Una segunda opción ( esa no tan técnica) para bajar lo volume generado serias tapar la salida de la bocina con una cinta adesiva plastica.
Seguramente baja consideravelmente  lo volume generado pero con la desvantagen de no si poder ayustar a un nivel deseado.
!Suerte!.
Att,
Daniel Lopes.


----------



## J4BIT (May 9, 2020)

Gracias por vuestras respuestas,no tengo mucha idea de electrónica ¿seria así?


me valdría este tipo de pontenciometro?  OcioDual Embellecedor Boton Rojo + Potenciometro B10K Lineal 10k para Raspberry Knob 16mm: Amazon.es: Electrónica


Un saludo


----------



## papirrin (May 9, 2020)

prueba asi....


----------



## J4BIT (May 9, 2020)

Vale, pediré el potenciómetro y cuando lo monte os cuento!!!
Gracias
Un saludo


----------



## capitanp (May 9, 2020)

prepárate un matafuegos cerca


----------



## DOSMETROS (May 9, 2020)

Yo probaría con 100 Ohms


----------



## capitanp (May 9, 2020)

DOSMETROS dijo:


> Yo probaría con 100 Ohms




mas fuego


----------



## DOSMETROS (May 9, 2020)

100 Ohms en serie


----------



## papirrin (May 9, 2020)

yo probaria con el pote y poner una en serie para limitar... de cuanto?  no se... primero quemaría al pote si no funciona y llamaría a los bomberos para no desperdiciar un extinguidor  

justo estoy haciendo un proyecto con una camara y le puse una sirena como la de la imagen (proyecto de timbre) le puse un pote de 1K justo como el diagrama que puse y ....

suspendan la llamada al 911, si funciona como digo.

si hay desconfianza pongo foto o video, preferentemente poner el pote al 50% para ajustar el sonido, no calienta el pote ni nada.

recordar que no es un consumo constante.


----------



## Daniel Lopes (May 9, 2020)

papirrin dijo:


> "si hay desconfianza pongo foto o video, preferentemente poner el pote al 50% para ajustar el sonido, no calienta el pote ni nada.
> 
> recordar que no es un consumo constante."

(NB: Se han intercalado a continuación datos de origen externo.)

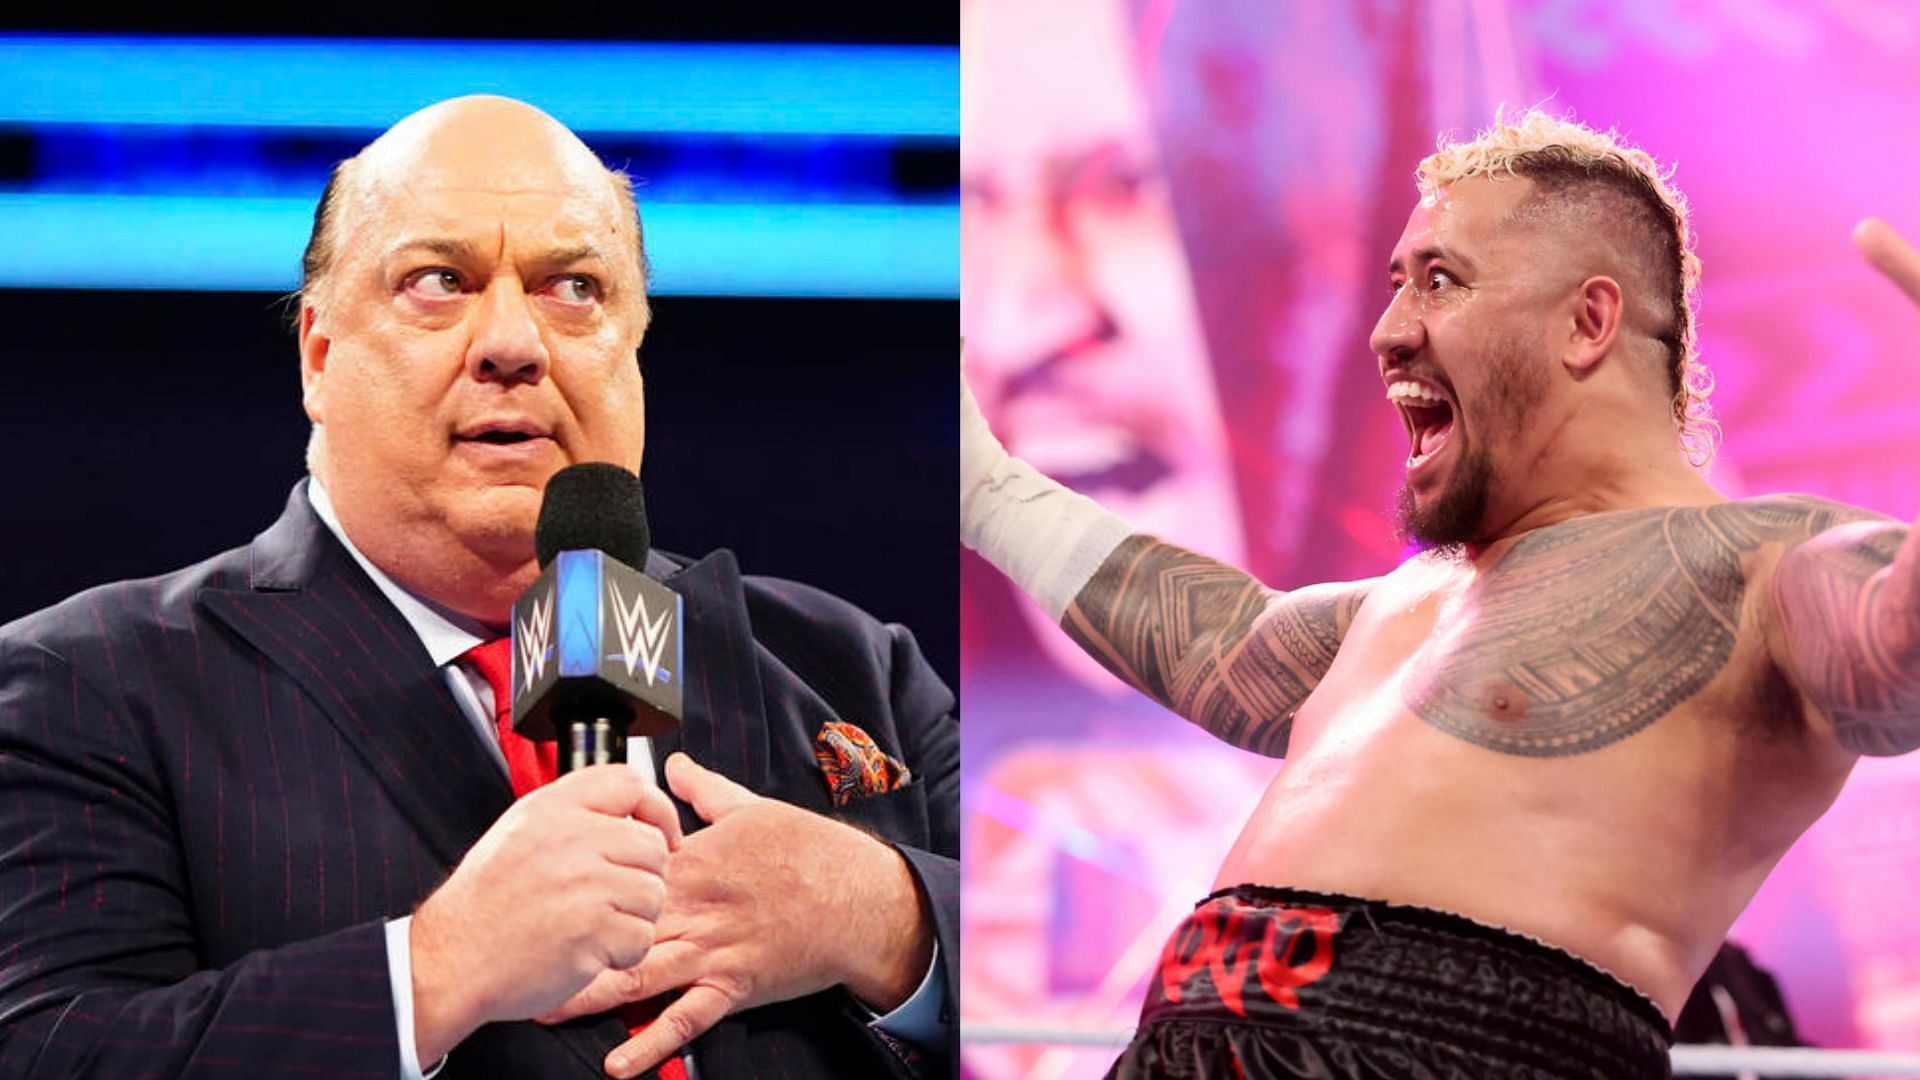 Paul Heyman and Solo Sikoa are members of The Bloodline

Huuuum............ me recordo tener mirado eso de "preset recalientado" en un otro tema un tanto polemico aca por esas latitudes (Foro) , Jajajjjajajajjajajajajaj
Att,
Daniel Lopes.


----------



## papirrin (May 9, 2020)

no se cual seria el resultado de ese tema por convención, pero poner el pote asi es una posible solucion, considerando que una alarma no se activa a cualquier hora y desde mi punto de vista es mejor que se queme la casa o auto con el ladrón adentro a que se salga con la suya


----------



## Scooter (May 9, 2020)

No sé ve bien en la foto, pero yo suelo taponar la salida con un trozo de cinta adhesiva.
 Es que a los electrónicos nos gustan las soluciones electrónicas y científicas jajaja
Así para que vuelva a sonar, se despega la cinta y listo.


----------



## papirrin (May 9, 2020)

me quede pensando con el gnd... asi lo probaría:

como dije un pote de 1K preajustado al 50%


----------



## J4BIT (May 9, 2020)

Vale lo probare con el potenciómetro de 1K Ohm al 50% ,no creo que se caliente mucho,pues es una sirena que va a 12v ,mirare si tiene alguna opción desde la centralita de la alarma de ajuste de tiempo sonando.
Gracias por vuestra ayuda
Un saludo
Si luego esta la opción de taparla con cinta jejeje ¡ no se me había ocurrido! lo probare , también probare con 100 Ohms en serie por experimentar.
Gracias
Un saludo


----------



## J4BIT (Jun 27, 2020)

papirrin dijo:


> me quede pensando con el gnd... asi lo probaría:
> Ver el archivo adjunto 190349
> como dije un pote de 1K preajustado al 50%


Buenas, con el potenciometro regulado al 50% va fenomenal, y aun se le puede quitar más dB!!! Gracias por todo
Un saludo


----------